The Elmira, Cortland and Northern Railroad was a railroad in the state of New York, in the United States. Its main line ran from Elmira, New York, to Camden, New York. It was formed in 1884 from the consolidation of other railroads and merged into the Lehigh Valley Railroad in 1905. Under the Lehigh Valley, it was known as the Elmira and Cortland Branch. Almost all of its former line has since been abandoned.

== History ==
The Elmira, Cortland and Northern Railroad (EC&N) was created on March 7, 1884 from the merger of two railroads, the Utica, Ithaca and Elmira Railroad (UI&E) and the Cazenovia, Canastota and DeRuyter Railroad (CC&D). The UI&E owned a line between Elmira and Cortland, New York, which had been built in sections between 1871 and 1881. The CC&D's line extended from Cortland north to Canastota, New York. The oldest segment, Cazenovia, New York, to Canastota, had been opened by the Cazenovia and Canastota Railroad on December 7, 1869. The company extended south to DeRuyter, New York, in 1878. The New York, Ontario and Western Railway closed the gap between DeRuyter and Cortland; the CC&D had trackage rights over this route and later leased it. The EC&N, via its wholly owned Canastota Northern Railroad subsidiary, extended its line north from Canastota to Camden in 1887. Financially troubled from the beginning, the company turned a small profit in 1889.

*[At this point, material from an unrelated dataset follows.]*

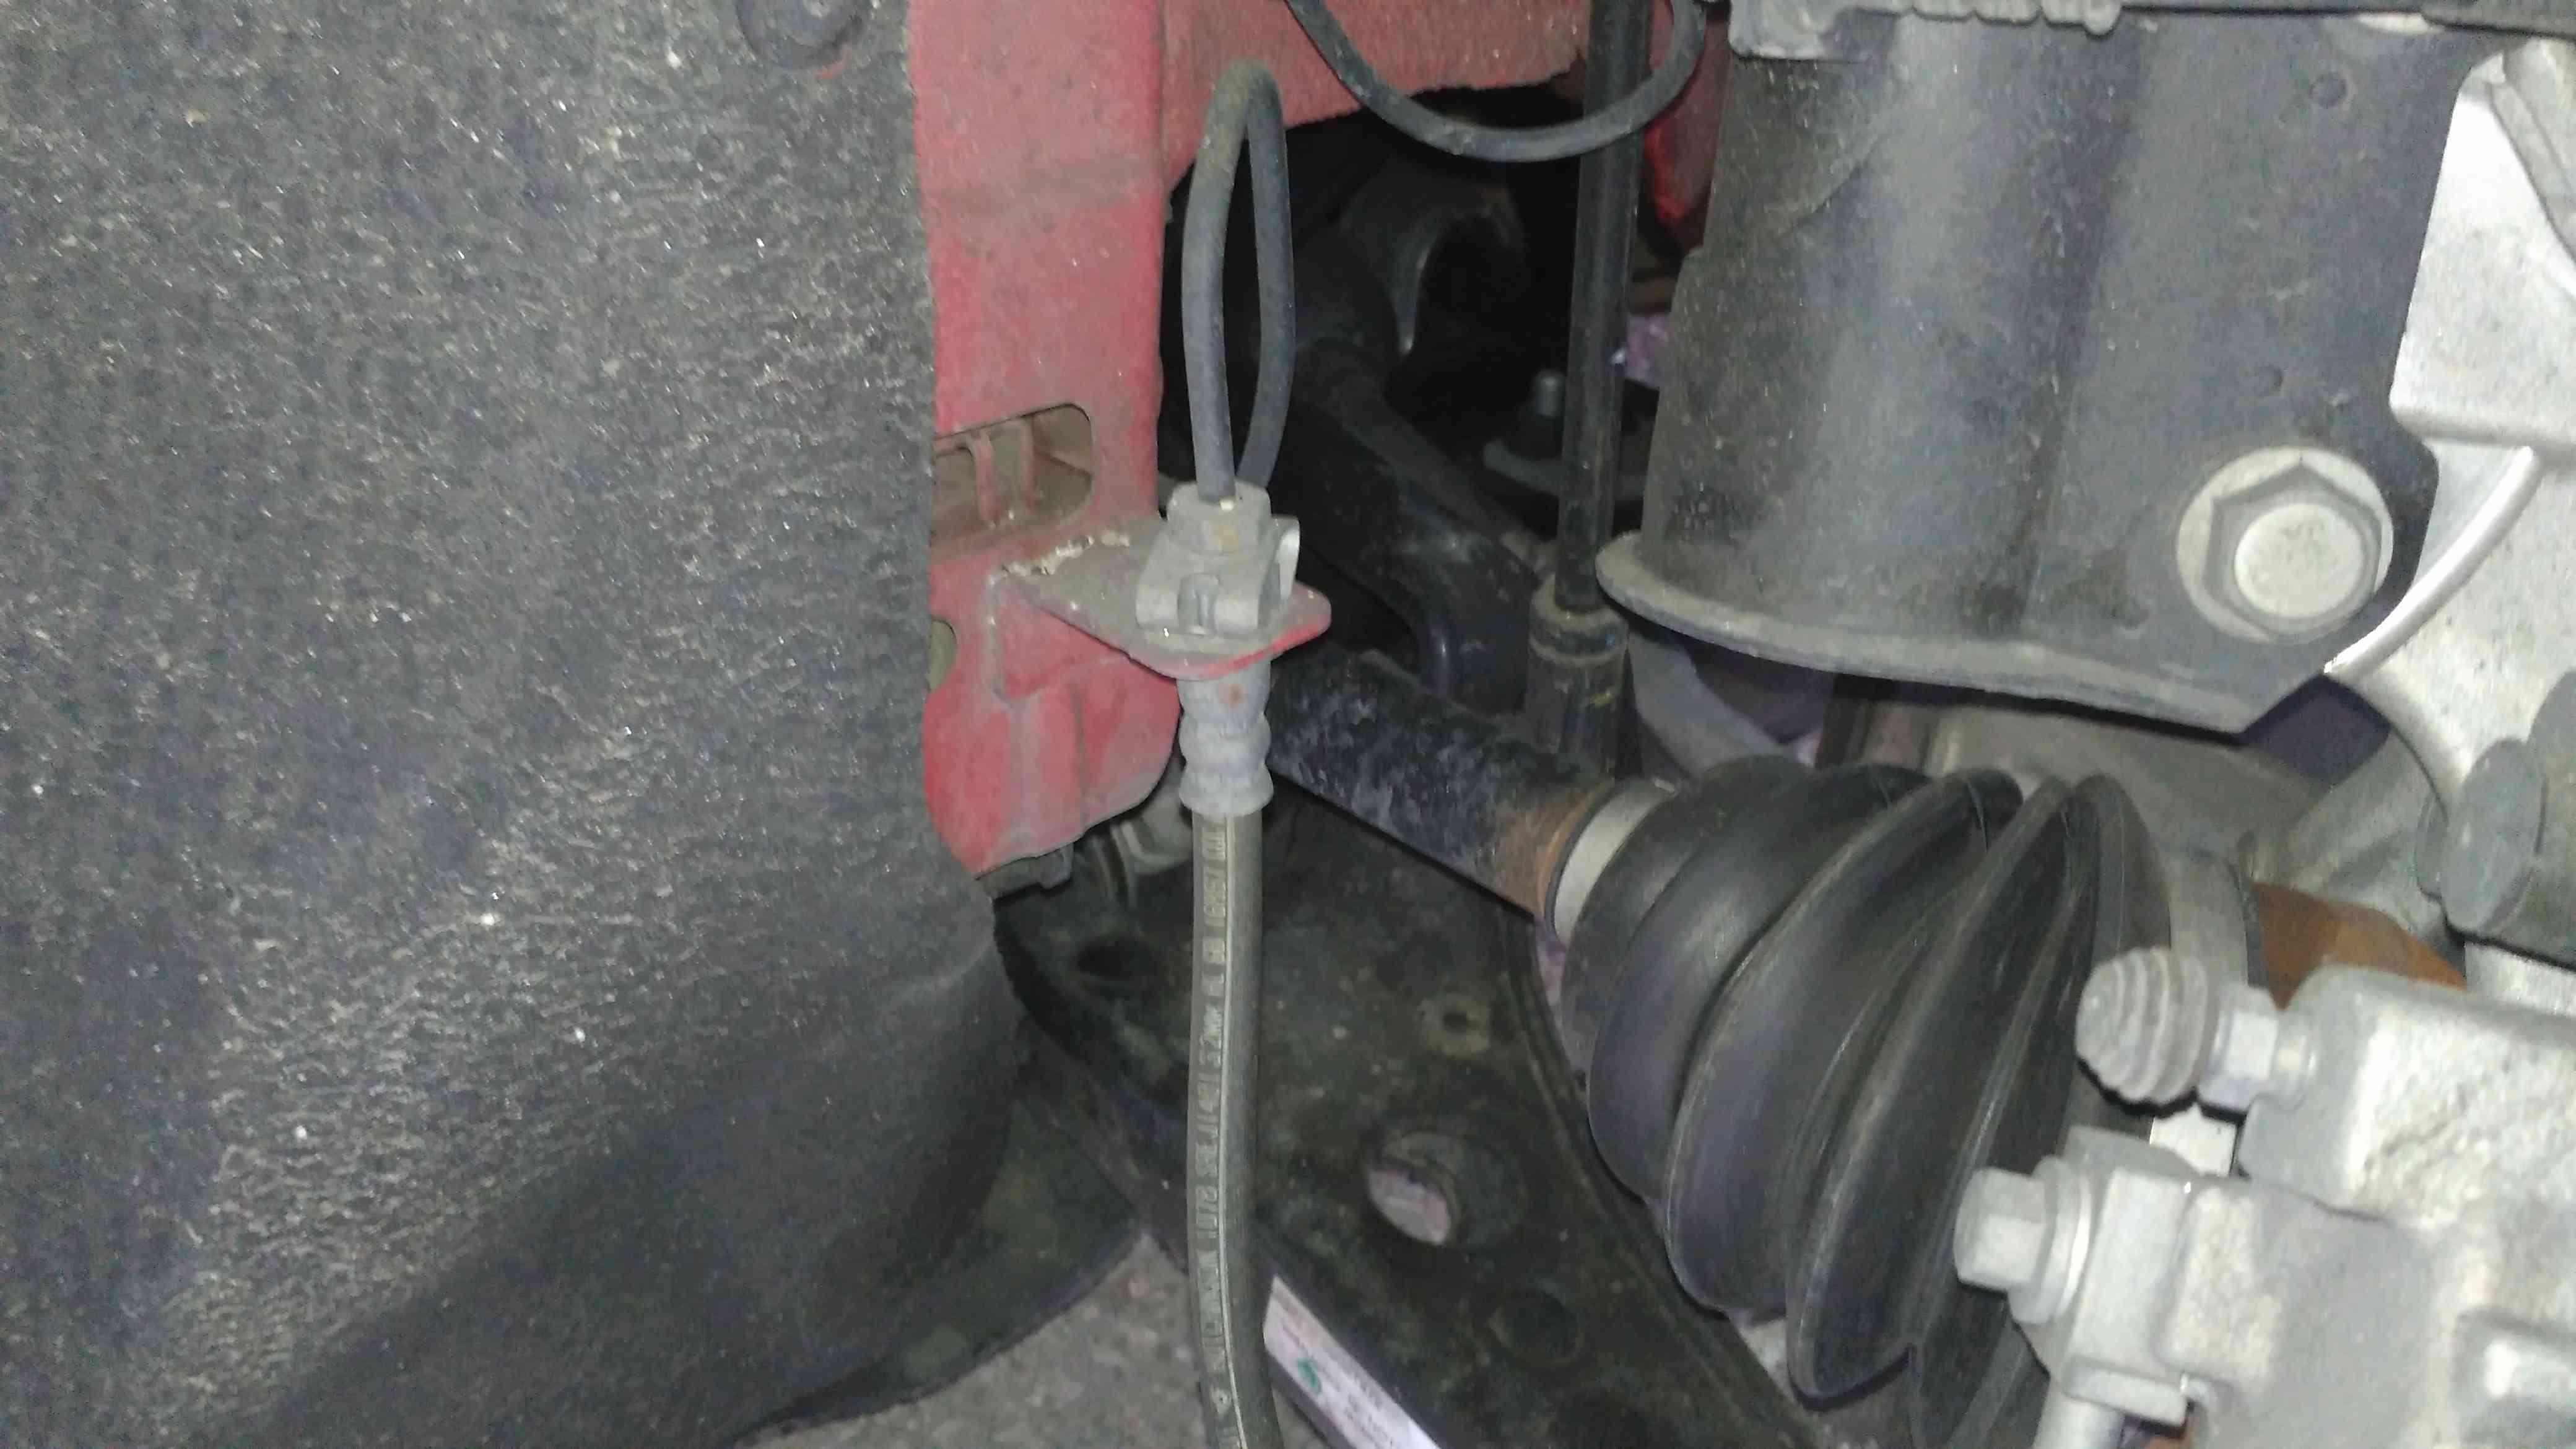 Palier izquierdo oxidado 1.4 turbo 125cv - Página 6 Img_2011

The much larger Lehigh Valley Railroad had completed its extension through the Finger Lakes area to Buffalo, New York, in 1892. Competition from the Lehigh Valley, particularly on coal, hindered the EC&N's growth. The potential of the EC&N to provider feeder traffic for its new line intrigued the Lehigh Valley, which purchased the company on February 20, 1896. A formal merger followed in 1905. Under the Lehigh Valley, the EC&N's Elmira–Camden line was known as the Elmira and Cortland Branch and managed as part of the railroad's Auburn Division.

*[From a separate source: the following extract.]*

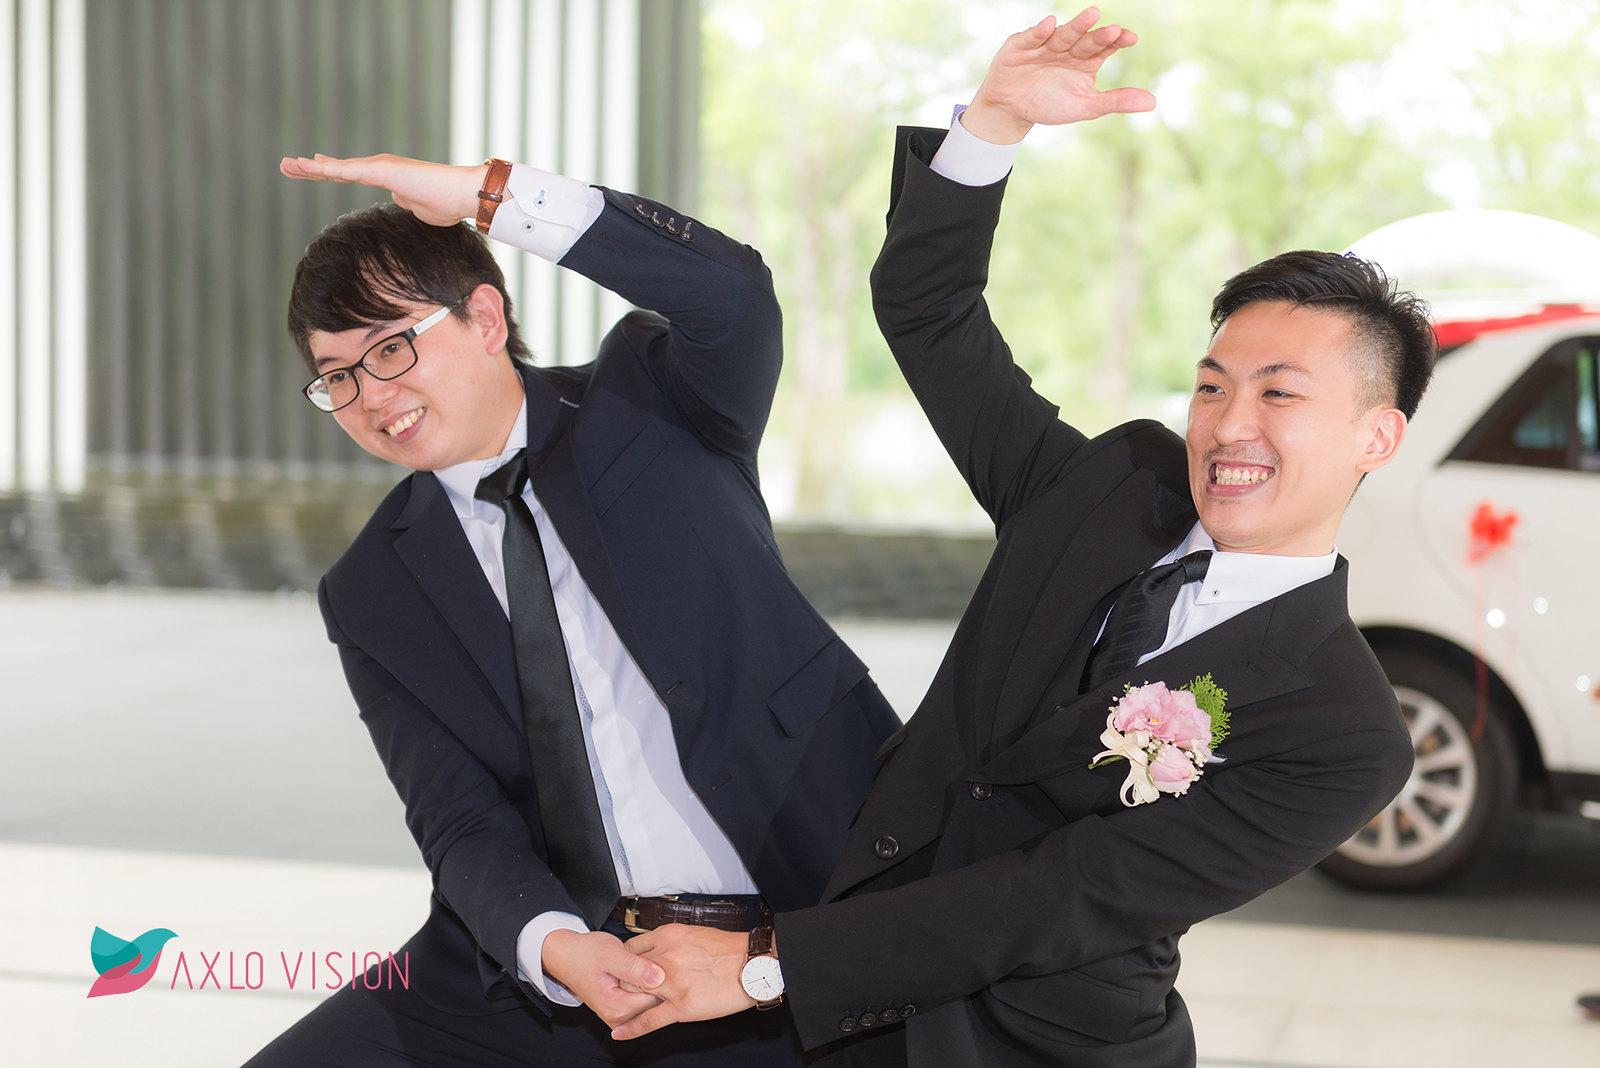 20170916 WeddingDay_065

== Elmira and Cortland Branch ==
The line from Elmira to Camden measured 139.2 mi. It interchanged with several other railroads, including the Delaware, Lackawanna and Western Railroad, Erie Railroad, New York, Ontario and Western Railway, Pennsylvania Railroad and the New York Central Railroad. The Lehigh Valley abandoned the section between Van Etten and Spencer, New York in 1933, as it was redundant to the parallel Ithaca Branch. A further abandonment occurred in 1935, between Spencer and East Ithaca, New York. Abandonment of the section between Horseheads, New York and Van Etten followed in 1938; thereafter, Lehigh Valley trains required trackage rights over the Erie to reach Elmira. Also abandoned in 1938 was the Canastota–Camden extension. Passenger service ended on the entire branch by 1941. The branch was cut back further, from Canastota to Cortland, in 1967. A washout in June, 1972 from Hurricane Agnes damaged the route between East Ithaca and Freeville, New York, which the bankrupt Lehigh Valley decided not to repair. Later abandoned, in 1975, was the remaining track between Elmira and Horseheads. The sole remnant of the branch, between Freeville and Cortland, was incorporated into Conrail in 1976. Conrail would abandon all but 3 mi, within the vicinity of Cortland. This line is now owned by the New York, Susquehanna and Western Railway.